Resumo: O presente estudo abordará a sistemática de tributação do ISS Fixo, atinente às sociedades de profissionais (§3º, do art. 9º, do DL nº 406/1968), e sua possível derrogação à luz das disposições do artigo 8º-A da LC nº 116/2003, incluído pela LC nº 157/2016. Sem a pretensão de exaurir o tema, contextualizar-se-á brevemente a temática relativa ao tratamento tributário antes citado e, no escopo, far-se-ão referências ao federalismo fiscal, à autonomia dos entes federativos, à importância da lei complementar tributária e, afinal, à validade e vigência da norma jurídica. Em sede das considerações supra, busca-se uma conclusão ao seguinte questionamento: à luz do §1º do artigo 8º-A da Lei Complementar nº 116/2003, estaria o §3º do artigo 9º do Decreto-lei nº 406/1968 derrogado tacitamente?
Palavras-chave: ISS Fixo. LC nº 157/2016. Revogação. DL nº 406/1968.
INTRODUÇÃO
Sempre que um novo instrumento normativo traz inovações à ordem jurídica, dúvidas e embates se anunciam no horizonte e, não raro, as turbulências desaguam no Poder Judiciário e, dependendo da envergadura, podem chegar ao cume da Suprema Corte.
Como sabido, no dia 30 de dezembro de 2016, foi publicada no Diário Oficial da União a Lei Complementar n° 157, de 29 de dezembro de 2016, a qual promoveu diversas modificações no texto da Lei Complementar nº 116/2003, que dispõe sobre o Imposto Sobre Serviços de Qualquer Natureza, de competência dos Municípios e do Distrito Federal, e dá outras providências em seu bojo. Dentre as alterações merecem destaque a fixação da alíquota mínima do ISSQN em 2% e a vedação à concessão de desonerações tributárias que impliquem em carga tributária em montante inferior ao produto da aplicação do dito percentual.
É neste cenário que surgem inquietações sobre o artigo 9º do Decreto-lei nº 406/1968, especialmente no que se refere à tributação das sociedades de profissionais de forma diferenciada, naquilo que se consagrou, na doutrina e na jurisprudência, como ISS Fixo.
Como dito, sempre que a ordem jurídica passa por mudanças é recorrente a ascensão de insurgências.

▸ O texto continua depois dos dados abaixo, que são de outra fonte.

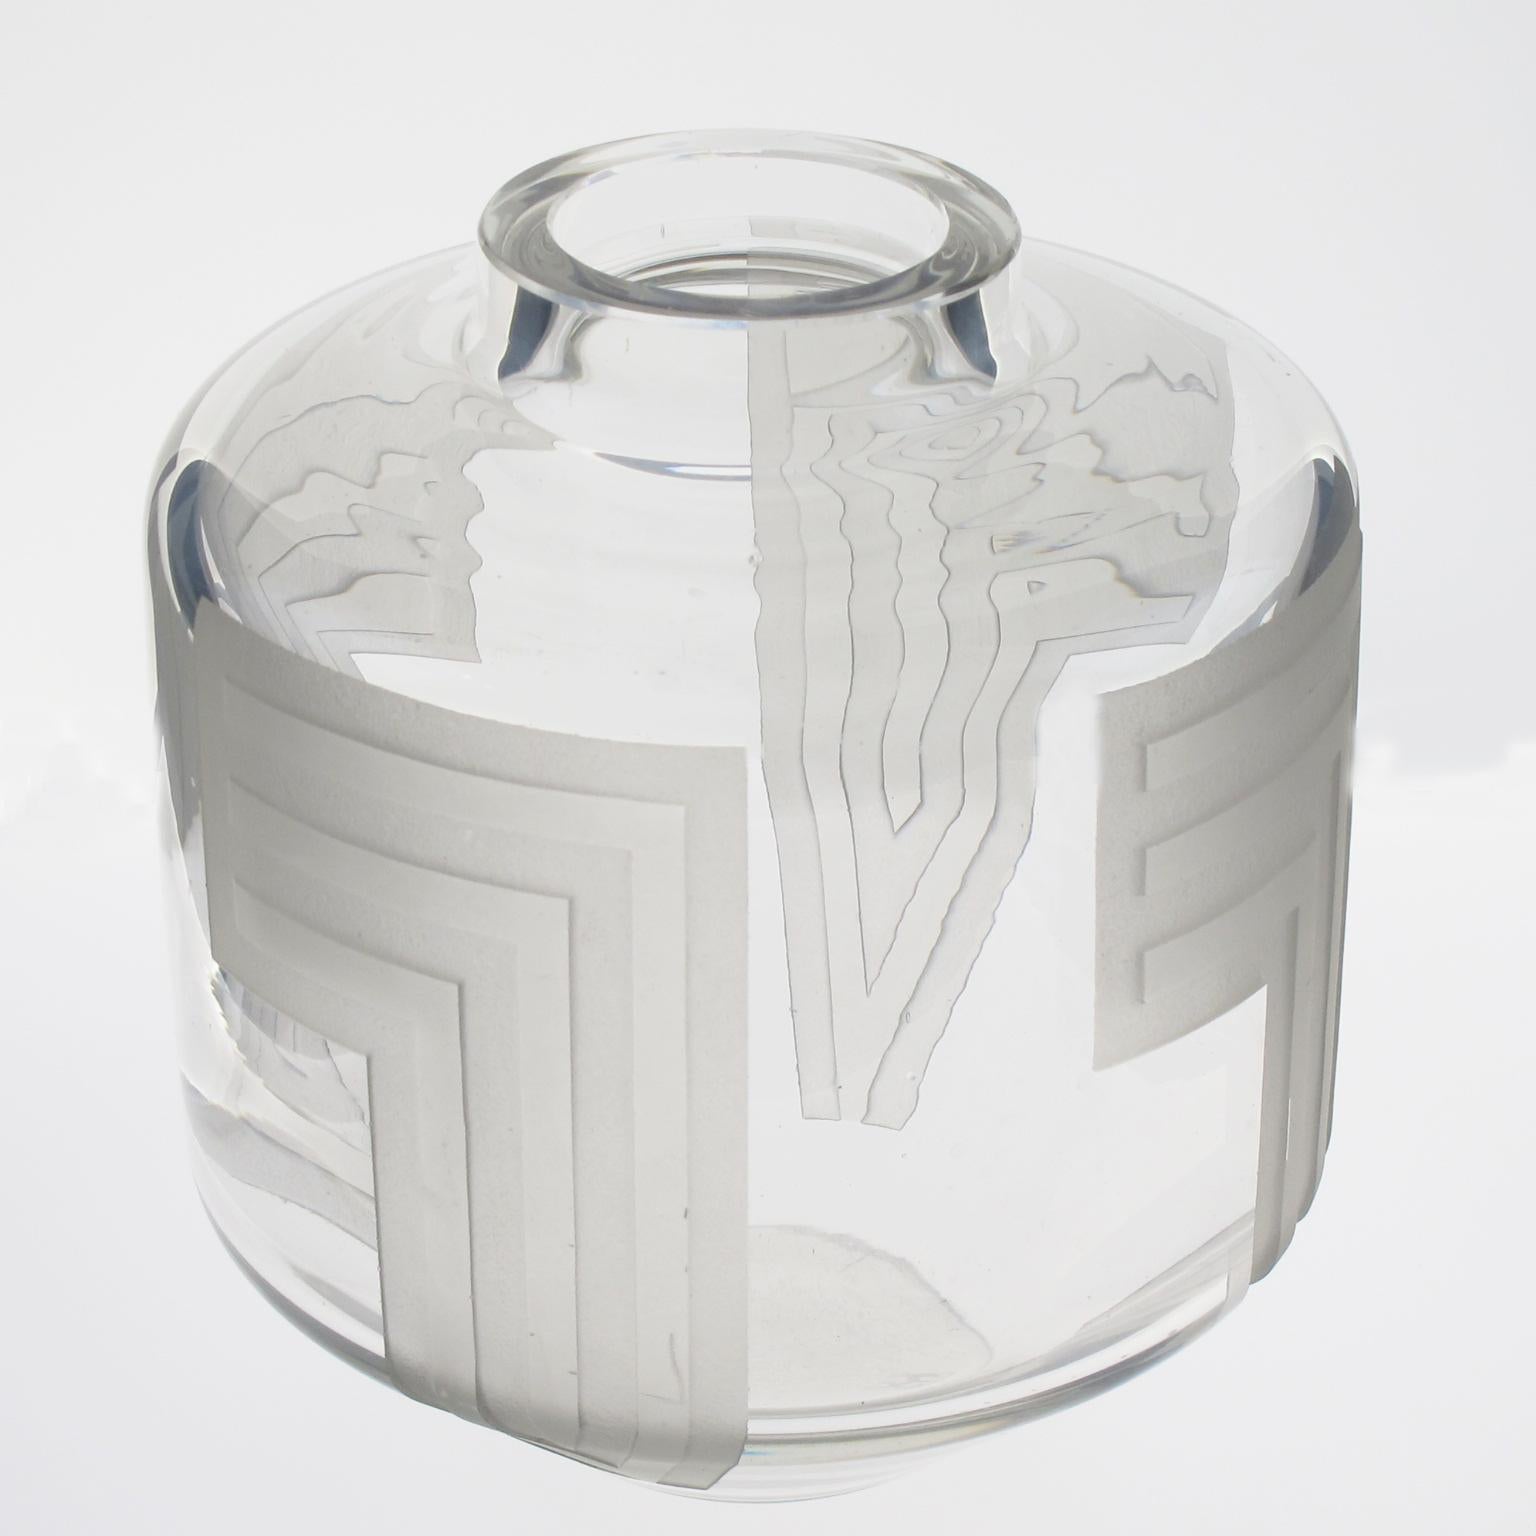 Der französische Designer Jean Luce (1895-1964) schuf diese beeindruckende Vase aus säuregeätztem Glas aus den 1930er Jahren. Das geometrische Muster mit wiederholten Verzierungen ist rund um die Vase angeordnet. Die Signatur des Künstlers befindet

Sob esta ótica, indaga-se: à luz do §1º do artigo 8º-A da Lei Complementar nº 116/2003, estaria o §3º do artigo 9º do Decreto-lei nº 406/1968 derrogado, ainda que inexista expressa alusão?
O deslinde da problemática passa pela compreensão da lei complementar, no contexto federativo, e sobre suas implicações na autonomia dos entes políticos, assim como sobre a derrogação ou a compatibilização das leis no tempo e no espaço.

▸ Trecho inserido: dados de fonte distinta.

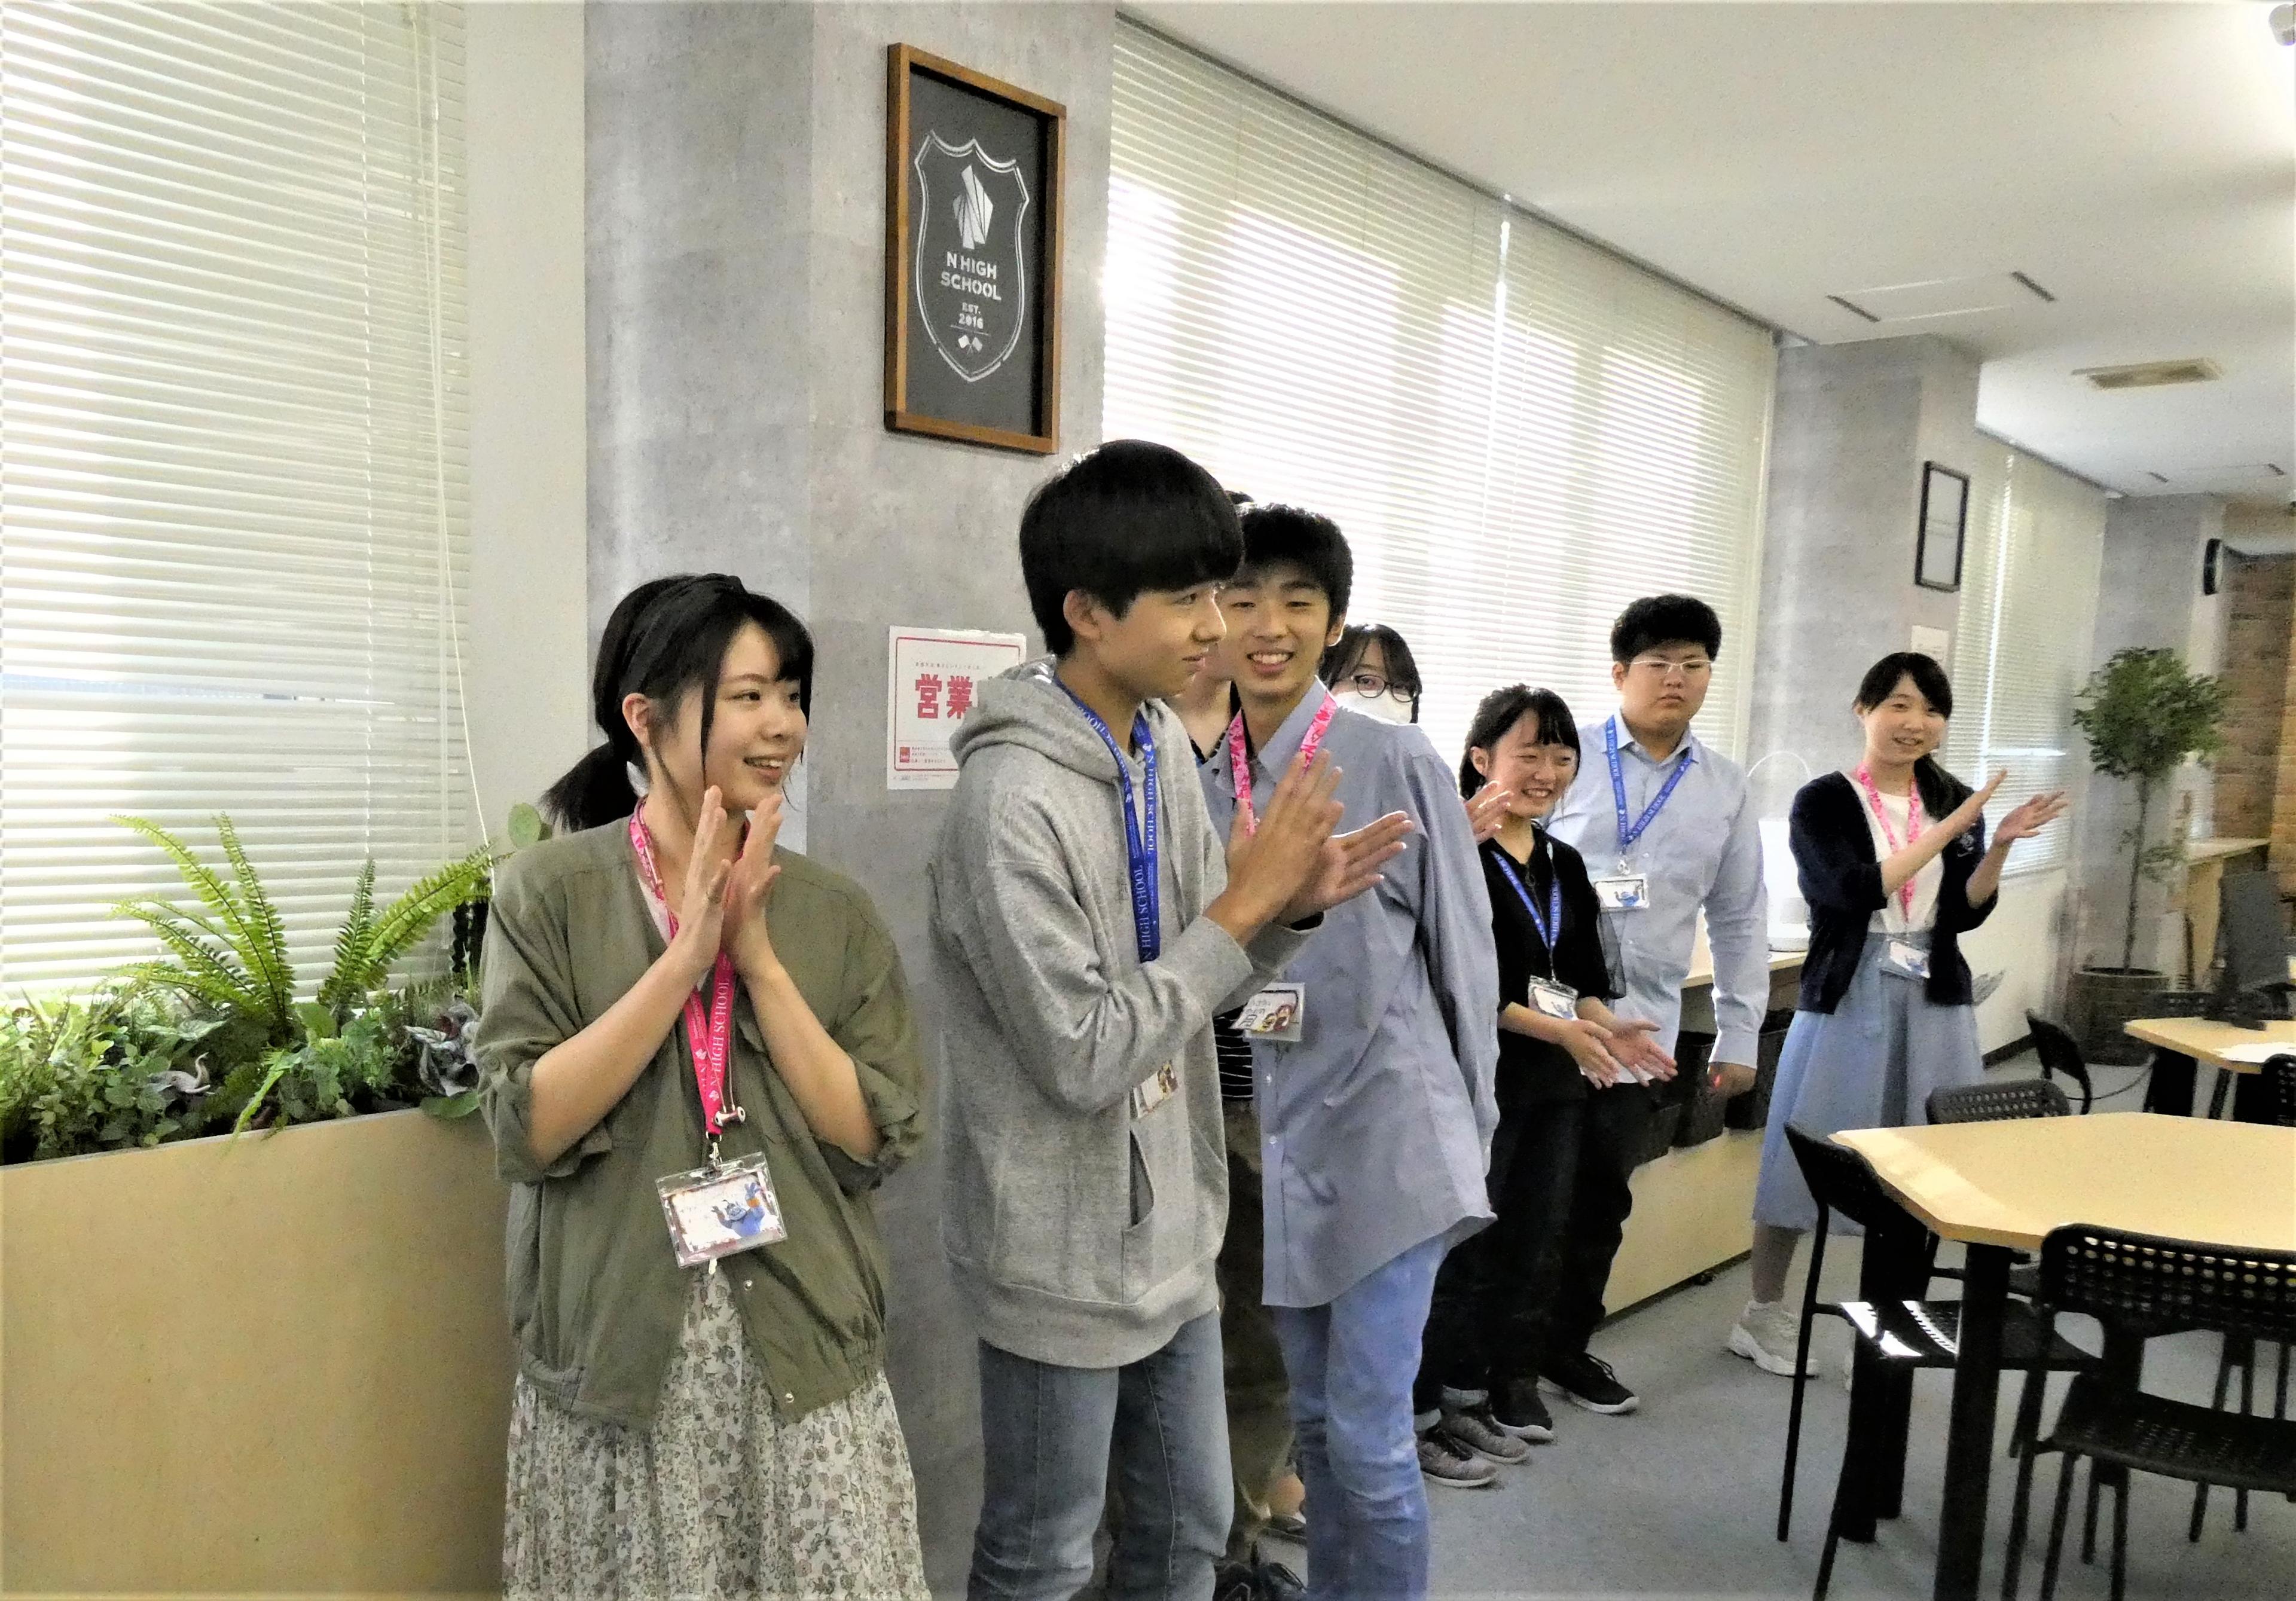 【新入生歓迎会】4人の新入生を迎えた仙台キャンパス

Desta feita, para fins do presente estudo serão abordadas apenas as questões atinentes à derrogação ou não da sistemática do ISS Fixo, de modo que a abordagem se abstém de quaisquer outras elucubrações sobre a tributação das sociedades de profissionais, visto que se trata de matéria ampla e passível de extensos aprofundamentos.
BREVE CONTEXTUALIZAÇÃO DO ISS FIXO E DA FIXAÇÃO DO SEU MONTANTE
É cediço que, com a promulgação da Carta Republicana de 1988, o ordenamento tributário pretérito foi recepcionado[1] naquilo que não contrariasse materialmente a nova ordem constitucional. Sob o auspício da recepção encontra-se a Lei nº 5.172/1966 (Código Tributário Nacional – CTN) e o Decreto-lei nº 406/1968, ambos recepcionados com status de lei complementar, cujas normas se impõem aos Entes Federativos (União, Estados, Municípios e Distrito Federal), haja vista o disposto no artigo 146 da Magna Carta.
Controvertida desde a origem, a tributação das sociedades de profissionais de forma diferenciada sempre suscitou e continua suscitando dúvidas sobre os aspectos da pessoalidade e sobre os limites da responsabilidade do profissional que presta serviços em nome da sociedade.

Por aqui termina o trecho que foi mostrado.